Three Ways AI Improves Maintenance Operations for Manufacturers
Maintenance operations are a tricky business. The increasing complexity and volume of maintenance data and disconnected data systems make it challenging for leaders to see and understand the big picture of their resources, assets, and maintenance activities. With so much siloed information, teams struggle to make strategic decisions that minimize disruptions and optimize performance.
The good news is that innovations in AI and analytics are transforming maintenance strategies and operations. These technologies enable teams to streamline critical decisions, see pre-existing maintenance activities, and even predict failures and anticipate future maintenance needs.
In fact, a recent survey shows that AI is becoming a high business priority for manufacturers to improve overall operations, including predictive maintenance. Results showed that 77% of senior decision-makers and maintenance professionals surveyed “want to shift to predictive/proactive maintenance in the future, and AI implementation is viewed as a tool to achieve that goal.”

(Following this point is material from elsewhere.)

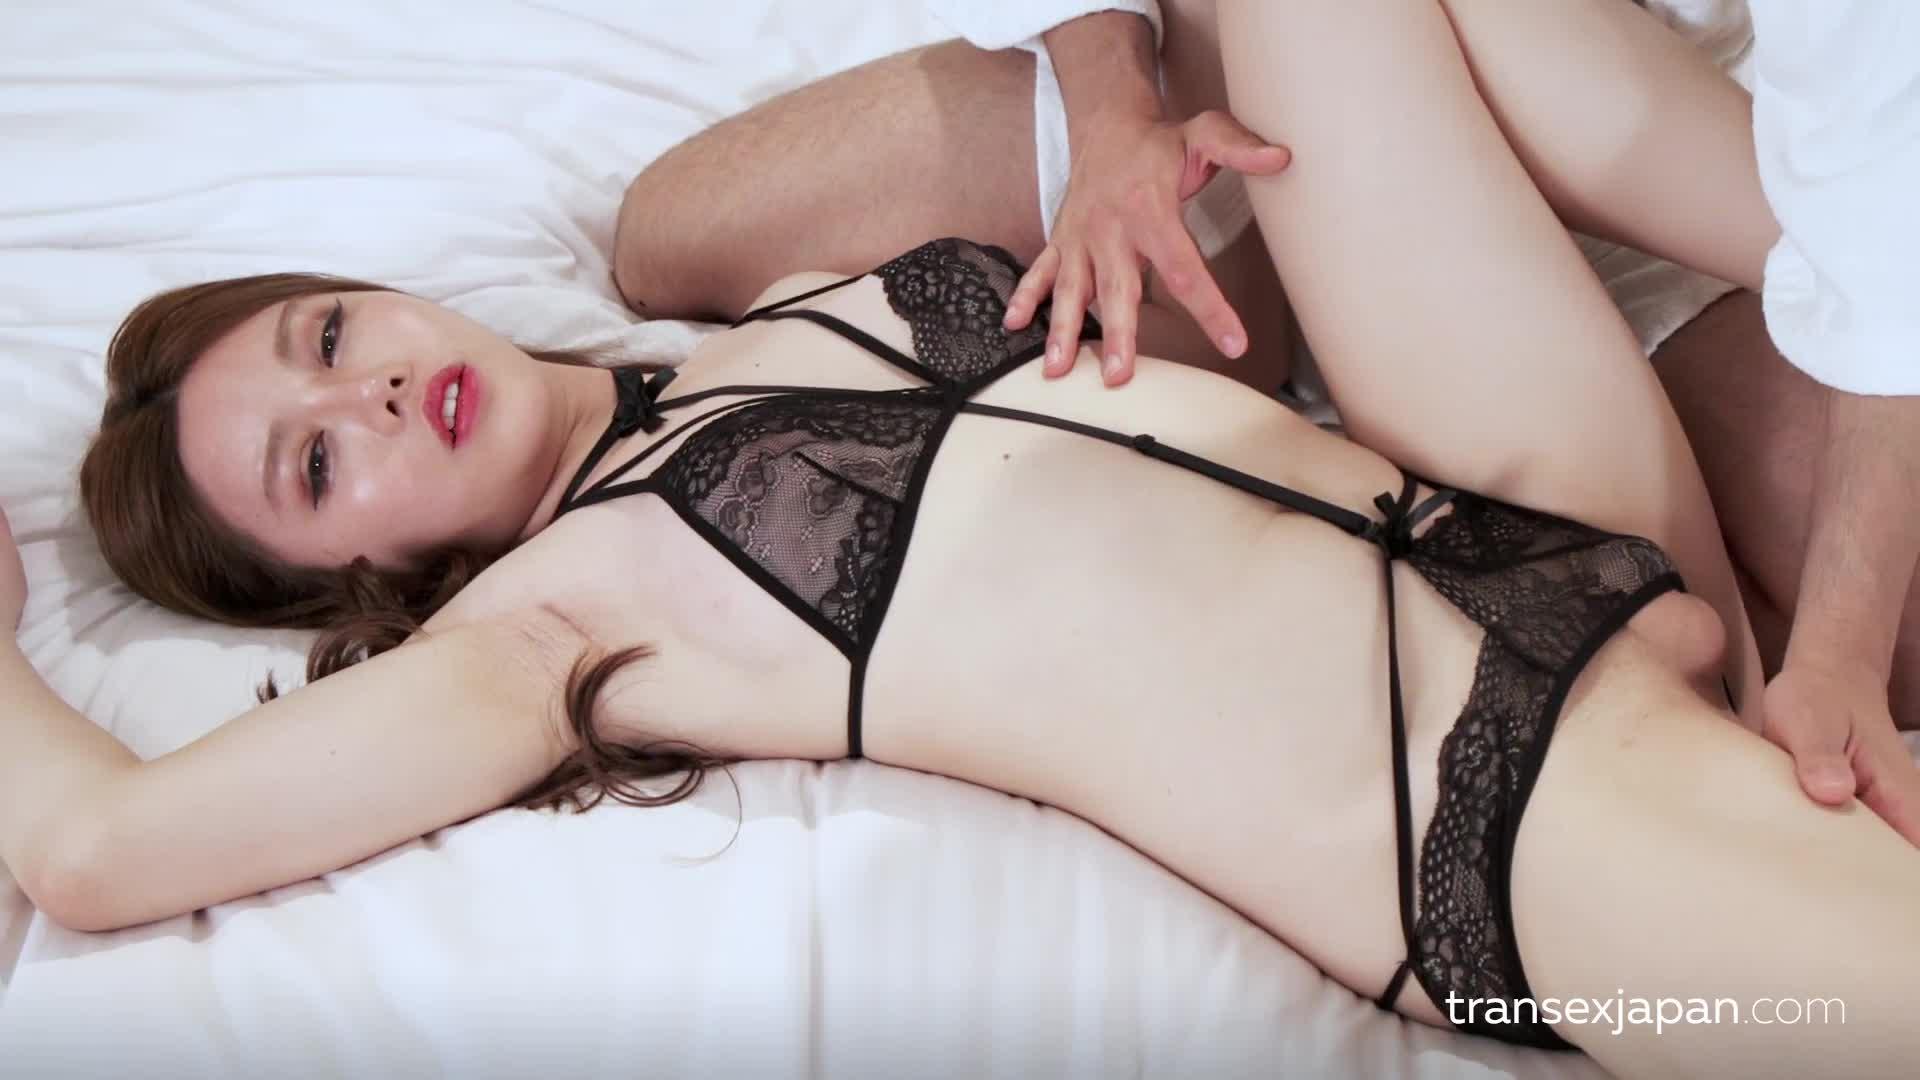 最新流出中国TSmasem小乐乐被性爱按摩师按到胸部出奶

Work Smarter With Your Data
The key to effective decision-making lies in using all the data available to our organizations, but there’s just too much complex data for humans to explore and analyze for insights. Maintenance teams need fast answers driven by explainable and transparent AI to show them how to respond to events, optimize resources, and improve overall readiness.
AI-driven maintenance decision intelligence tools give teams an unparalleled level of efficiency and insight, automating the integration of varied data sets and surfacing insights across your maintenance operations technology stack. This allows teams to locate opportunities for uptime improvements, mitigate risks more efficiently, and see the cumulative impact for sustainment operations to stay ahead of challenges.
For example, Virtualitics’ AI-powered Maintenance Decision Intelligence (MDI) application combines data across Asset Management (EAM), Resource Planning (ERP), and Field Service Management (FSM) systems to provide teams with efficient analyses and actionable insight, answering critical questions like:
- What is about to fail?
- How should we respond?
- What would happen if we took this action?
- How can we prepare for the future?
Keep Maintenance Operations Running Smoothly
Let’s drill deeper into three key ways AI levels up maintenance operations:
1. Truly Predictive Maintenance
Knowing what to do to keep a piece of machinery from failing provides immense benefits and savings to organizations. Sophisticated AI applications can analyze data from disparate systems to identify patterns and anomalies associated with component failures, assign risk scores to individual components, and recommend the best course of action.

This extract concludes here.